Required action —
Everything from the line containing "Mo kyrka i vinterskrud." through the final line below must be output exactly, both ends included, with nothing else and no pictures.

Recorded information —
== Segment start ==

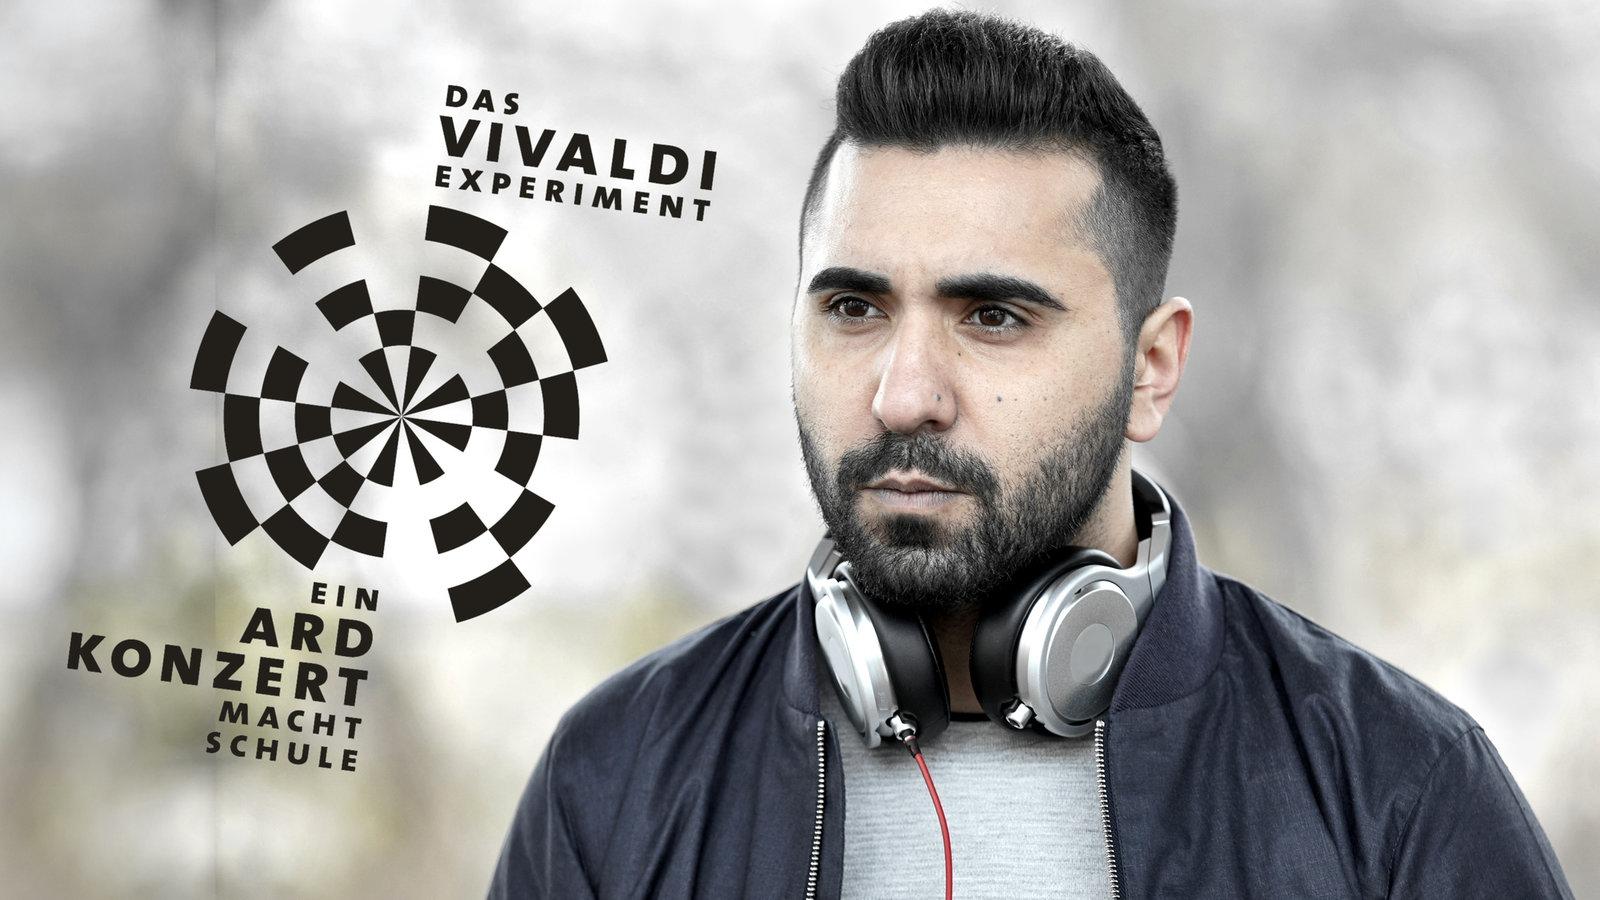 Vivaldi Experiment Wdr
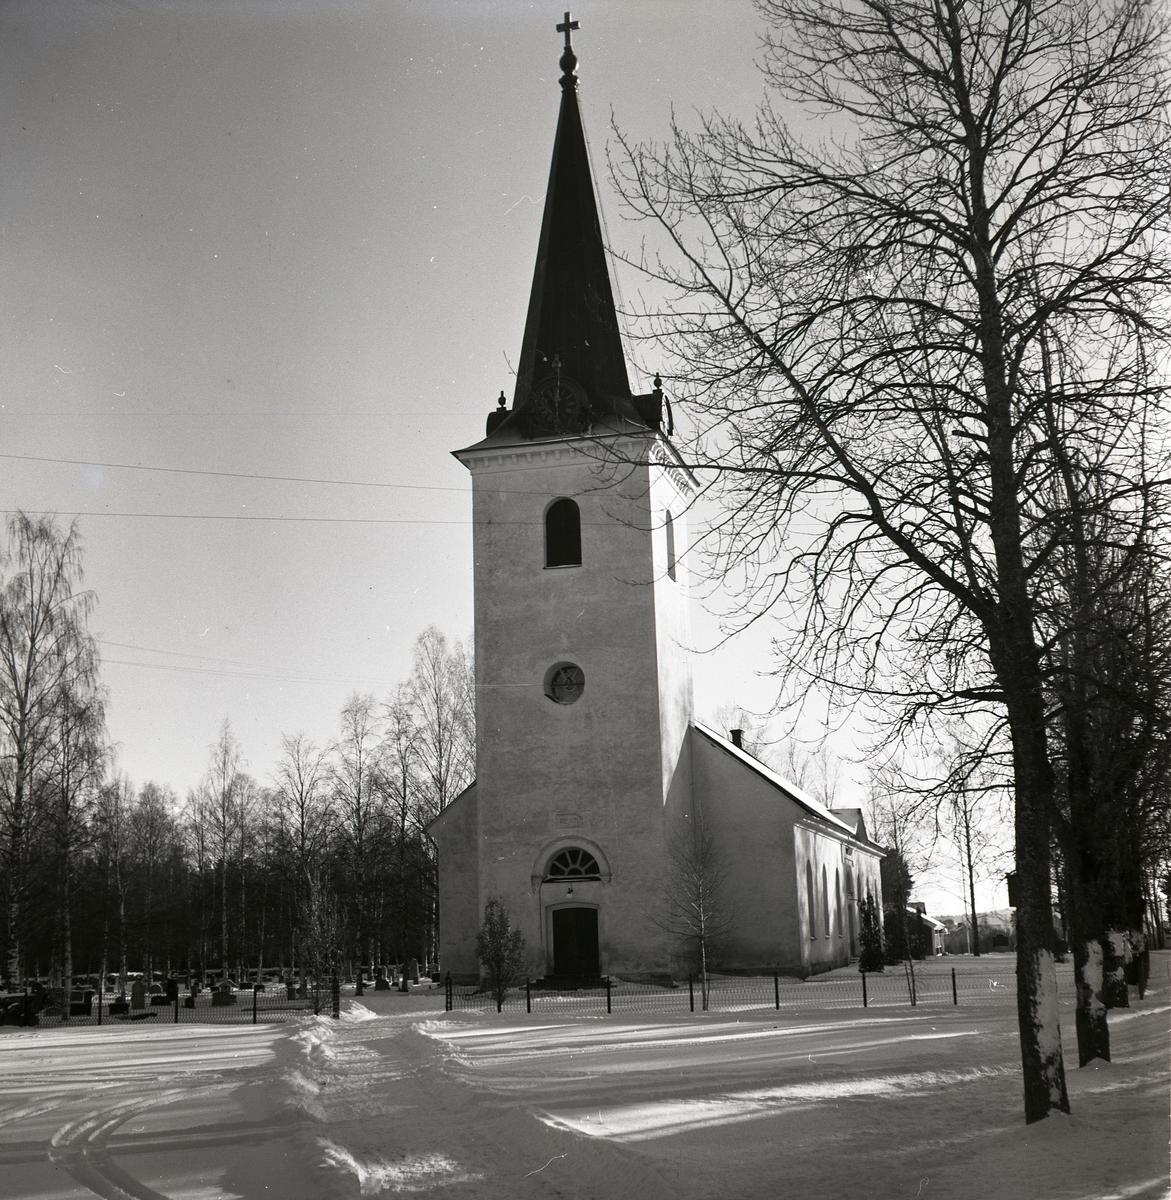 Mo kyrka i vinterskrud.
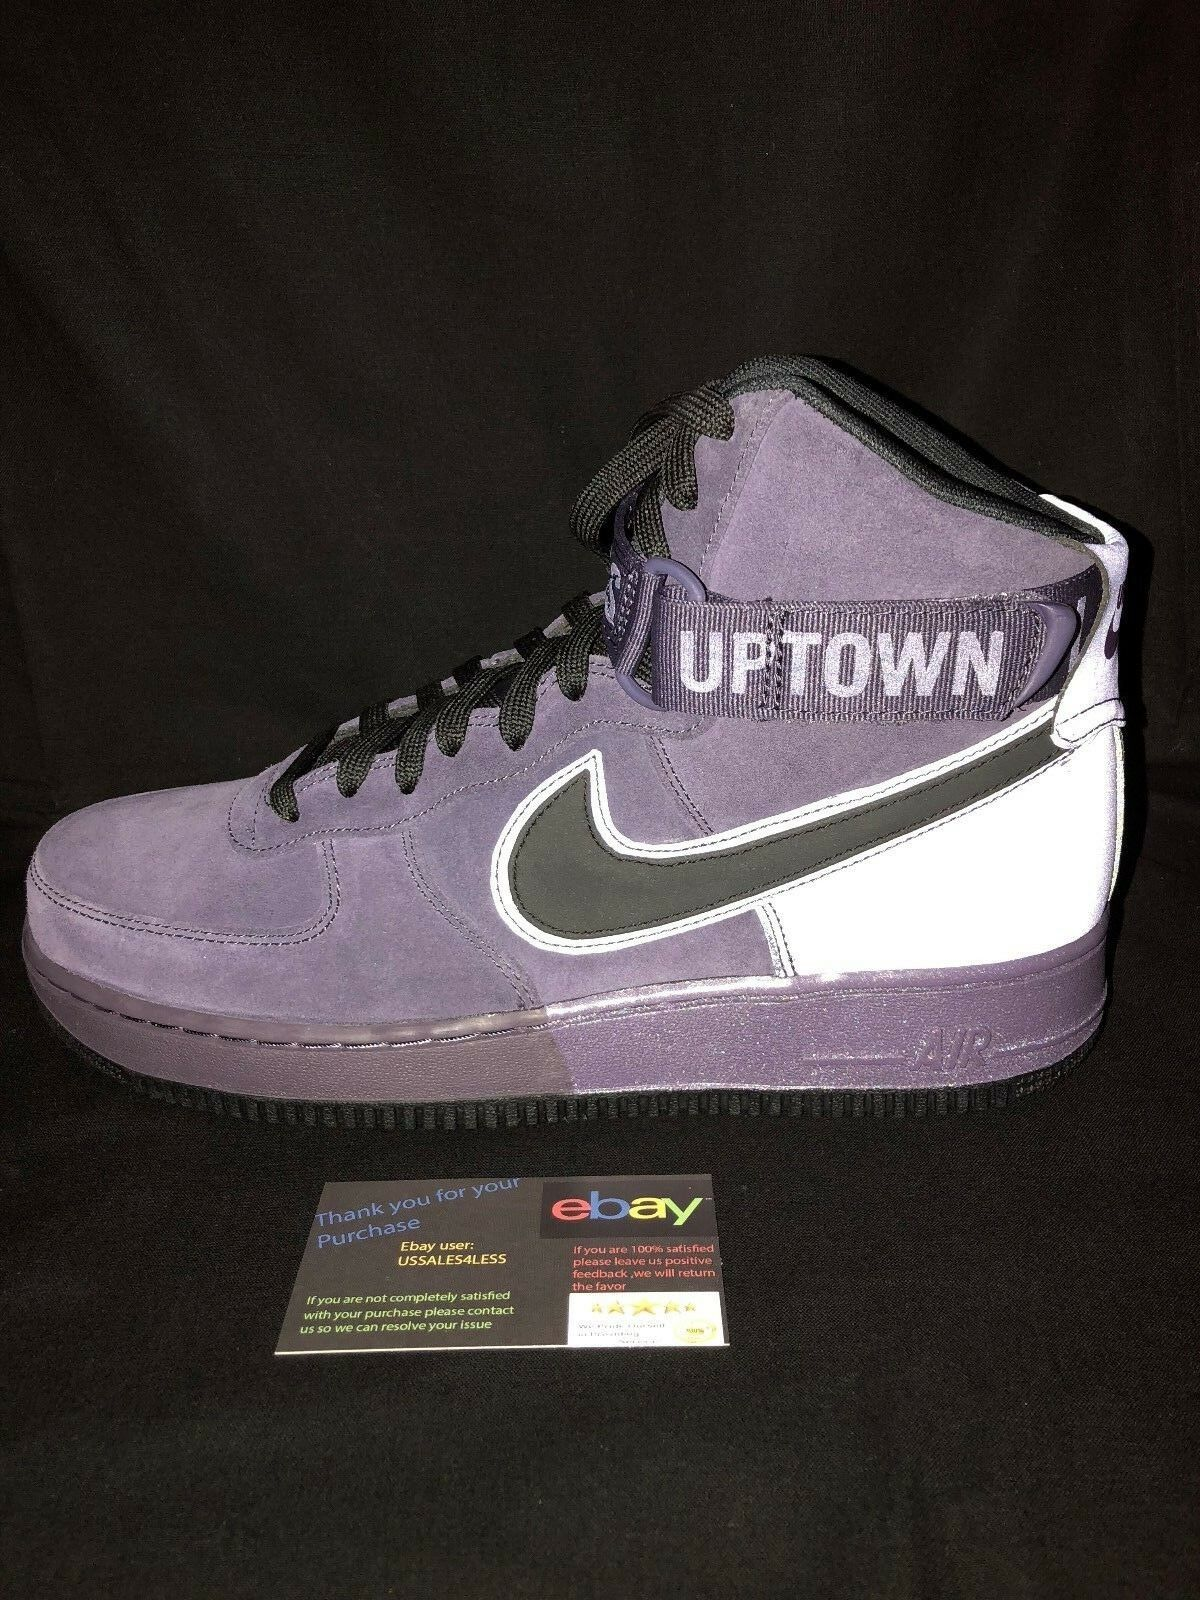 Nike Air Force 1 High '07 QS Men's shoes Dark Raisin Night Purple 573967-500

== Segment end ==

Task solution —
 Mo kyrka i vinterskrud.
 Nike Air Force 1 High '07 QS Men's shoes Dark Raisin Night Purple 573967-500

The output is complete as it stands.